World J Gastroenterol. Sep 28, 2016; 22(36): 8112-8122
Published online Sep 28, 2016. doi: 10.3748/wjg.v22.i36.8112
Iron and non-alcoholic fatty liver disease
Laurence J Britton, V Nathan Subramaniam, Darrell HG Crawford
Laurence J Britton, Darrell HG Crawford, Gallipoli Medical Research Institute, The University of Queensland, Greenslopes Private Hospital, Brisbane, Queensland 4120, Australia
Laurence J Britton, The Princess Alexandra Hospital, Brisbane, Queensland 4120, Australia
V Nathan Subramaniam, QIMR Berghofer Medical Research Institute, Brisbane, Queensland 4120, Australia
Author contributions: Britton LJ reviewed the literature and wrote the manuscript; Subramaniam VN and Crawford DHG reviewed the manuscript and made important changes to the content.
Conflict-of-interest statement: No conflict of interest.
Open-Access: This article is an open-access article which was selected by an in-house editor and fully peer-reviewed by external reviewers. It is distributed in accordance with the Creative Commons Attribution Non Commercial (CC BY-NC 4.0) license, which permits others to distribute, remix, adapt, build upon this work non-commercially, and license their derivative works on different terms, provided the original work is properly cited and the use is non-commercial. See: http://creativecommons.org/licenses/by-nc/4.0/
Correspondence to: Dr. Laurence J Britton, Gallipoli Medical Research Institute, The University of Queensland, Greenslopes Private Hospital, Newdegate Street, Greenslopes, Brisbane, Queensland 4120, Australia. l.britton@uq.edu.au
Telephone: +61-7-33947284 Fax: +61-7-33947767
Received: March 28, 2016
Peer-review started: April 1, 2016
First decision: May 30, 2016
Revised: July 6, 2016
Accepted: August 5, 2016
Article in press: August 5, 2016
Published online: September 28, 2016
Processing time: 181 Days and 14.5 Hours
Abstract

The mechanisms that promote liver injury in non-alcoholic fatty liver disease (NAFLD) are yet to be thoroughly elucidated. As such, effective treatment strategies are lacking and novel therapeutic targets are required. Iron has been widely implicated in the pathogenesis of NAFLD and represents a potential target for treatment. Relationships between serum ferritin concentration and NAFLD are noted in a majority of studies, although serum ferritin is an imprecise measure of iron loading. Numerous mechanisms for a pathogenic role of hepatic iron in NAFLD have been demonstrated in animal and cell culture models. However, the human data linking hepatic iron to liver injury in NAFLD is less clear, with seemingly conflicting evidence, supporting either an effect of iron in hepatocytes or within reticulo-endothelial cells. Adipose tissue has emerged as a key site at which iron may have a pathogenic role in NAFLD. Evidence for this comes indirectly from studies that have evaluated the role of adipose tissue iron with respect to insulin resistance. Adding further complexity, multiple strands of evidence support an effect of NAFLD itself on iron metabolism. In this review, we summarise the human and basic science data that has evaluated the role of iron in NAFLD pathogenesis.

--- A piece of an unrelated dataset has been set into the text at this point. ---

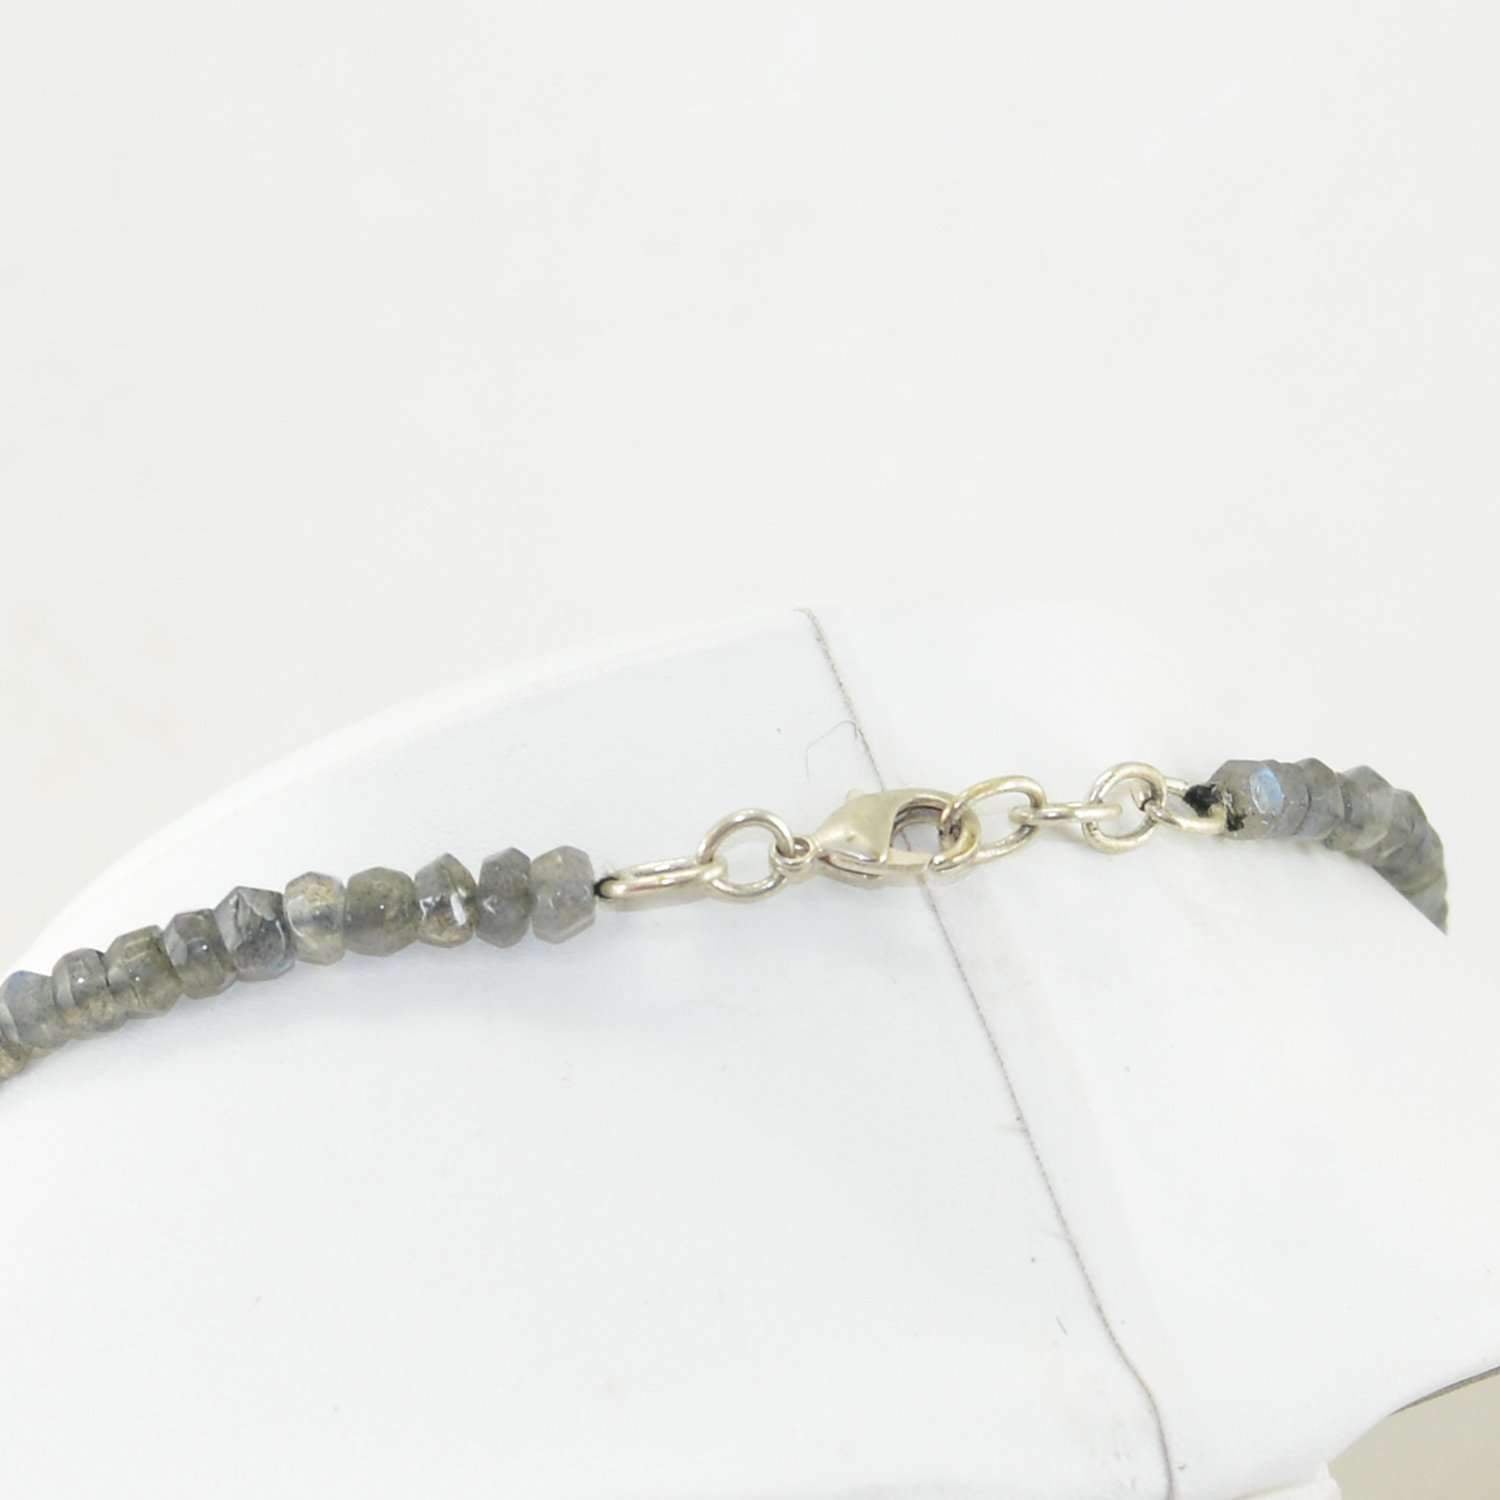 gemsmore:Faceted Blue Flash Labradorite Necklace Natural Round Beads - Single Strand

Keywords: Iron; Fatty liver; Liver steatosis; Insulin resistance; Steatohepatitis; Diabetes mellitus; Adipose tissue

Core tip: Iron represents a potential therapeutic target for the treatment of non-alcoholic fatty liver disease (NAFLD). There are extensive data that link iron and disease pathogenesis in human studies as well as animal and cell culture models. Studies have predominantly focussed on the role of hepatic iron, although recently adipose tissue has emerged as a site at which iron may promote insulin resistance. In this review, we summarize the human and basic science data that have evaluated the role of iron in NAFLD pathogenesis.